Os professores de Engenharia Elétrica da UFS, Elyson Carvalho e José Carvalho, contam que a Spirandi é simples e possui baixo custo, podendo ser utilizada no leito de enfermaria, sendo útil como uma ferramenta para reduzir a lotação de UTIs. Além de ter sido utilizada em hospitais de Sergipe, como o Hospital de Urgências de Sergipe (Huse), o Hospital Fernando Franco e o Hospital São José, a Spirandi chegou aos estados de Alagoas, Pará e Bahia.


“Vale destacar que isso só foi possível devido à mobilização social, que resultou em doações ao projeto, e à parceria entre UFS e o Ministério Público do Trabalho (MPT), que financiou um grande número de máscaras”, ressalta o professor Elyson.


Em outra dimensão da saúde, a professora do Programa de Pós-Graduação em Ciências da Nutrição, Raquel Simões Netto, e sua então mestranda, a nutricionista Marcela Costa desenvolveram pesquisa sobre comportamentos alimentares no período pandêmico.

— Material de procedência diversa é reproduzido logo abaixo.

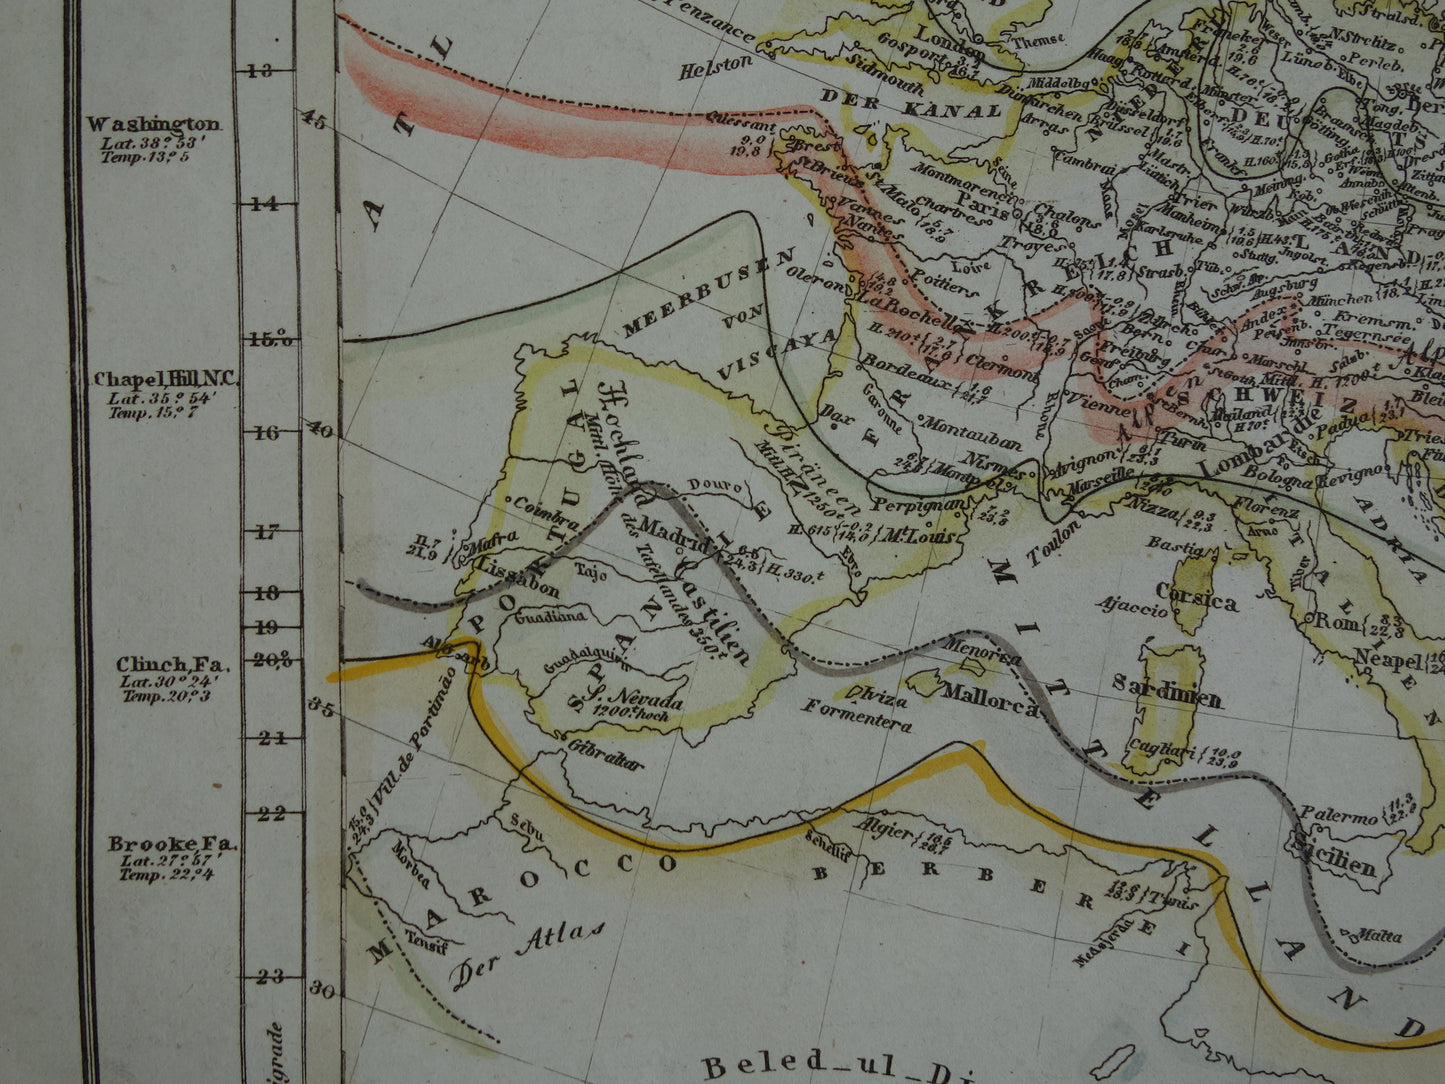 Klimaatkaart van Europa uit 1851 oude handgekleurde kaart temperatuur continent Europa - vintage print

O objetivo foi identificar a relação entre os hábitos alimentares e comportamento de adultos na pandemia.


“Toda a nossa pesquisa foi estimulada após a decisão do isolamento social. Nos vemos em uma situação inesperada para todos e a nossa preocupação com a alimentação começou a ficar evidente e determinados comportamentos alimentares foram exacerbados. A gente bem sabe que atividade física atua como uma válvula de escape, uma forma de aliviar as tensões do dia a dia. Então partia-se do princípio, será que essas pessoas que têm um nível de atividade física maior, sofreriam também essas alterações no comportamento alimentar?, explica a professora.


Para chegar aos seus resultados, a pesquisa levantou dados entre dois grupos, sedentários e pessoas ativas, e identificou que a atividade física, de fato, consegue proteger a população de comportamentos disfuncionais, como o descontrole alimentar e a alimentação emocional.


Modo e motivos para continuar fomentando pesquisas

Apesar das adversidades impostas pelo período pandêmico e o desestímulo à pesquisa no Brasil, com cortes nos investimentos, essas produções continuam a contribuir através de modelos, resultados, dados estatísticos e discussões para a resolução de problemáticas que atingem diretamente à sociedade.


Em uma avaliação da coordenadora do Prosgrap, Renata Ferreira, a pandemia impôs ainda mais a necessidade de produção e divulgação da ciência, utilizando novas técnicas comunicacionais e recursos que auxiliem na popularização do conhecimento.


“De certo modo a gente se distanciou da sociedade, no sentido de como comunicar os resultados. A linguagem utilizada ficou muito distante, por exemplo, vem uma pessoa do sertão, que trabalha na terra, e eu consegui uma solução para não utilizar veneno e agrotóxico, mas e a linguagem que eu uso para conversar com essa pessoa? A pandemia surgiu como uma forma de a gente se reconectar à sociedade. A gente nunca parou de fazer as pesquisas para contribuir e solucionar problemas sociais, mas a nossa comunicação agora está se voltando mais para a sociedade geral”, finalizou.